Co-director of Ohio State's esports major
Students at the University of Nevada, Las Vegas can take an advanced elective course on the business of esports, specifically as it relates to the area's casino resort industry, said Robert Rippee, director of UNLV's hospitality and esports labs.
About 40 students have taken the class, which launched nearly four years ago. They hail from a variety of majors, including architecture, business, engineering and the social sciences.
Rippee said he anticipates expanding the esports curriculum within the next few years.
The addition of a 43,000-square-foot gaming and hospitality lab at the university created in partnership with Caesars Entertainment will help. There, students will participate in hands-on learning via an esports arena, as well as mock hotel rooms, casinos and virtual reality facilities.
Although business management is a popular angle through which colleges are approaching esports, it's not the only one. Syracuse University last year launched a class called Esports and Media, in which students cover topics such as the history of esports, live broadcasting of matches and development of advertising plans. It was developed with Twitch, an esports streaming platform.
"It really gave us an opportunity to dive into esports as an industry, not just as a niche within," said Olivia Stomski, director of the Newhouse Sports Media Center at Syracuse, who co-taught the class.
Capped at 20 students for the first class, this fall it will expand to 35 — although there's already a waiting list. Based on that popularity, Syracuse is considering further expansion, possibly to a minor or major, said fellow instructor Chris Hanson, an associate English professor who has worked in the gaming industry.
Addressing a skills gap
As the esports industry expands, people with related knowledge are in demand. That's where colleges come in.
Kevin Mitchell, director of business development and strategic intelligence at entertainment firm National Amusements, said he came across "amazing opportunities" for the company in esports but noted there was a lack of a skilled workforce.
Colleges looking to develop esports curriculum stand to benefit from engaging administrators and the industry. "The biggest obstacle is awareness that it's a viable activity," said Mitchell, who is also an adjunct professor for Emerson College's esports classes.
Becker's Ritacco agrees. He cautions schools that it could be problematic if their presidents don't have a firm commitment to or understanding of esports and its value.
Developing programs with such stakeholders in mind can help.

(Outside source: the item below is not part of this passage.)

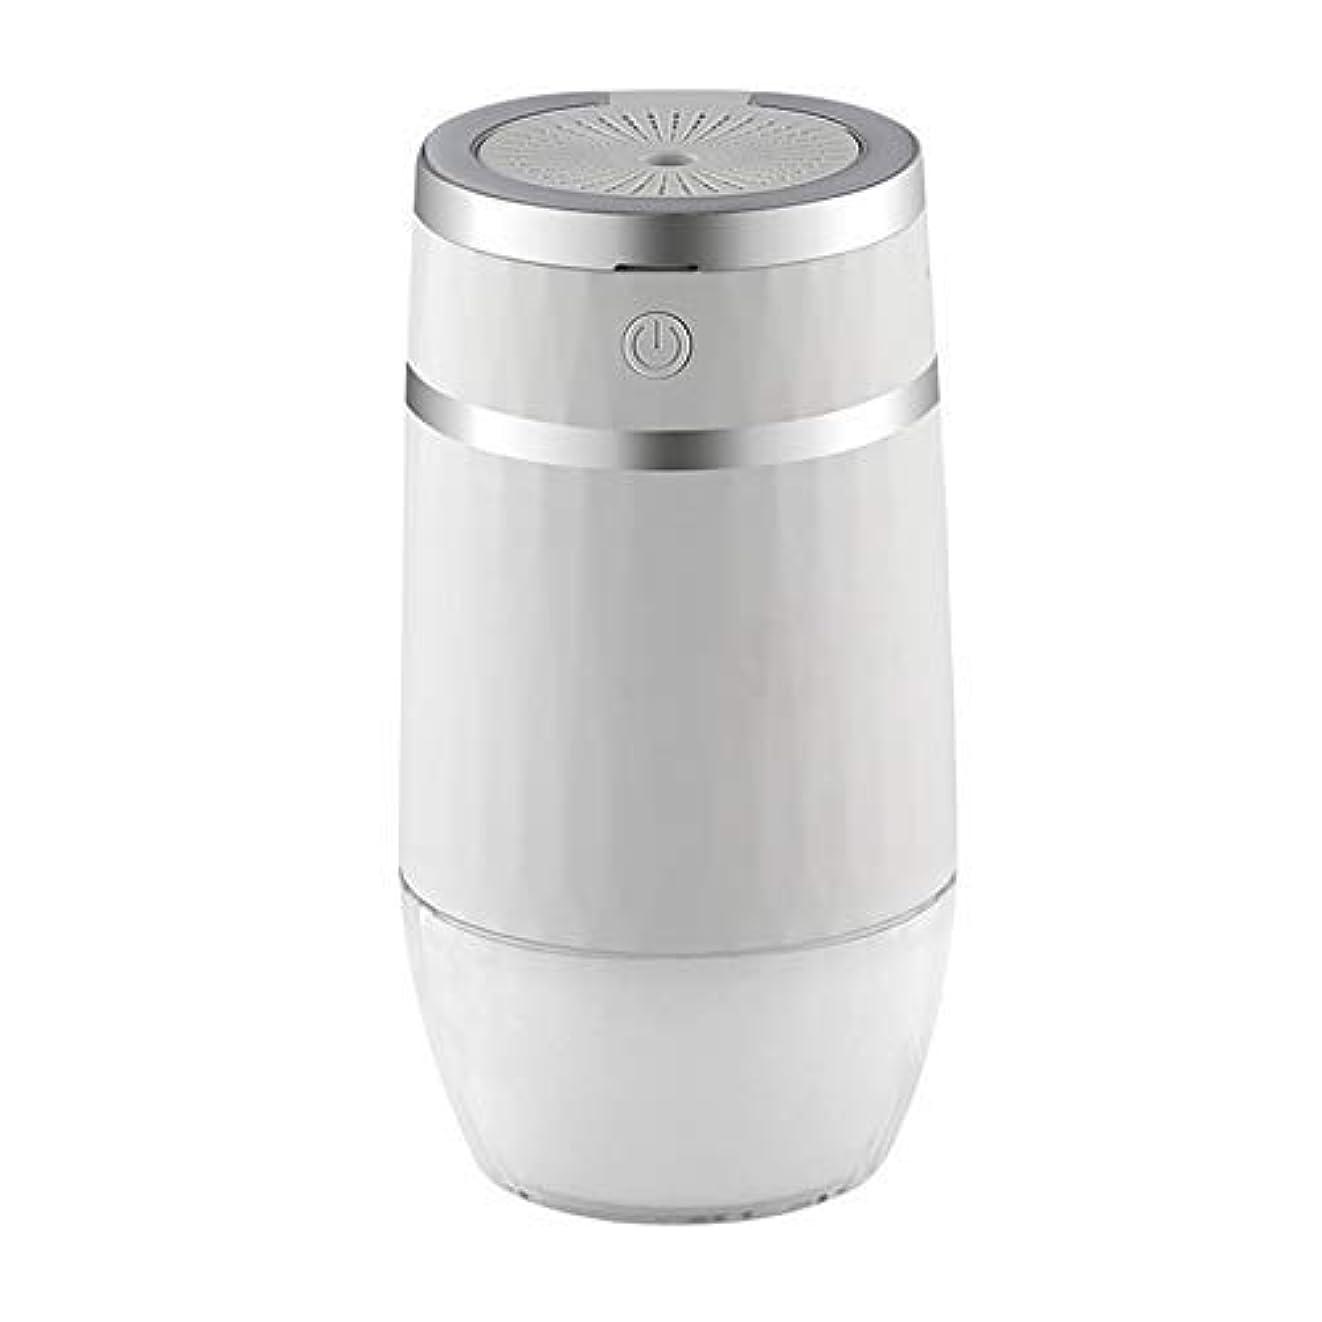 国籍コンパイルオーバーランZT-TTHG ホームオフィスの車ホワイト用LEDナイトランプファンのアロマエッセンシャルオイルディフューザーUSB噴霧器ミストメーカーで300MLエア加湿器

At Ohio State, Grzybowski recommends starting with the questions: "What do you want your end student to look like? When they graduate from the program, what's their skill set?"
UNLV's Rippee advises aligning the esports curriculum with a school's existing strengths. For example, an institution that already offers a robust game development curriculum could focus on that element of esports.
It's also important to take a multidisciplinary approach that will attract students from a variety of academic programs.
"It's not just hospitality. It's not just gaming. It's not just architecture," he said. "It's for any of those students."